Kawasaki introduced the ZX-6R in 1995 with very similar looks and features like the 1994 introduced ZX-9R, including the ram-air intake that had been developed by Kawasaki since the 1990 ZX-11 (ZZ-R1100). The first ZX-6R had a dry weight of 401.2 lb (182.0 kg), wet weight of 454 lb (206 kg), and was capable of accelerating 0 to 60 mph (0 to 97 km/h) in 3.6 seconds.
There was a major revamp of the ZX-6R in 1998 with the Launch of the G series. The G series saw no increase in displacement but power went from 100 BHP to 108 BHP thanks to the newly designed airbox. The fairing was revamped, but it retained a similar design for the headlight, air intakes and windscreen. In 2000, the first J series replaced the G, increasing power to 112 BHP by increasing the compression ratio from 11.8:1 to 12.8:1. The J series sported a couple of modernisations including a 180 section rear tire, second headlight, uprated generator and stick coils (coil on plug) replacing the traditional coil with HT lead.
With strong competition from Honda's CBR600F4i, Suzuki's GSX-R600, and Yamaha's YZF-R6, Kawasaki decided on an unusual move for the late 2002 models. They increased the capacity of the traditional 600 cc (37 cu in) motor to 636 cubic centimetres (38.8 cu in) with the ZX-6R A1P. This version used the J series bodywork with the only notable differences being the "636" stickers on the fairing. For riders who needed bikes for displacement-restricted racing, Kawasaki also made available a limited production 599 cc (36.6 cu in) version, the Ninja ZX-6RR, but the 636 cc (38.8 cu in) ZX-6R would be their main mass production middleweight sport bike.

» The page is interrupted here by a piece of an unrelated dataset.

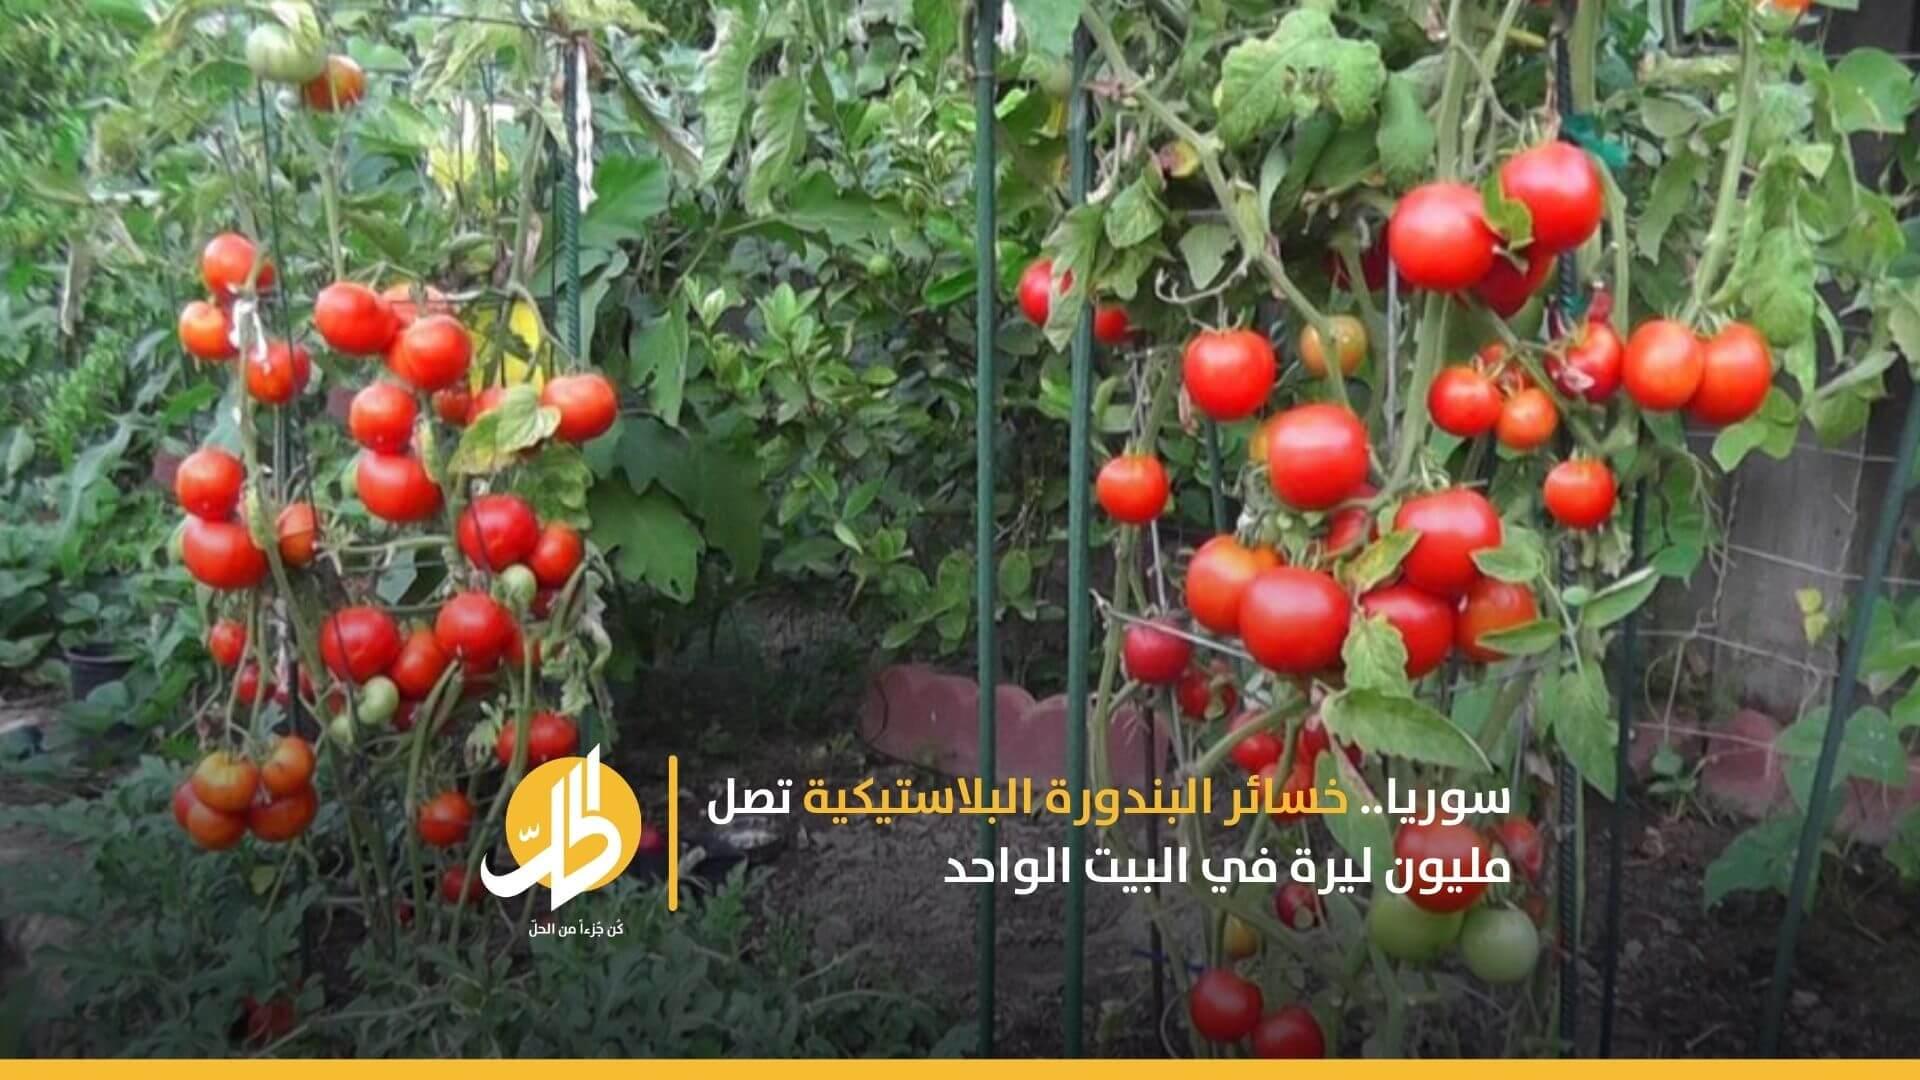 سوريا.. خسائر البندورة البلاستيكية تصل مليون ليرة في البيت الواحد

In 2003, there were a number of changes to the ZX-6R, or ZX636 as it is often referred. The engine was fuel injected and engine speed was raised around 500 RPM which resulted in a slight gain in power. Radial-mounted four-piston brakes replaced the previous six-piston brakes and the front forks were now inverted. Chassis improvements resulted in higher rigidity and less weight. An all digital instrument panel was also introduced and a larger ram-air intake inlet moved to the center over the headlight, running through the headstock. The bike, designation B1H, carried over to the 2004 model year with just color scheme changes. The ZX-6RR won the Supersport category award for Masterbike 2004 and placed third overall.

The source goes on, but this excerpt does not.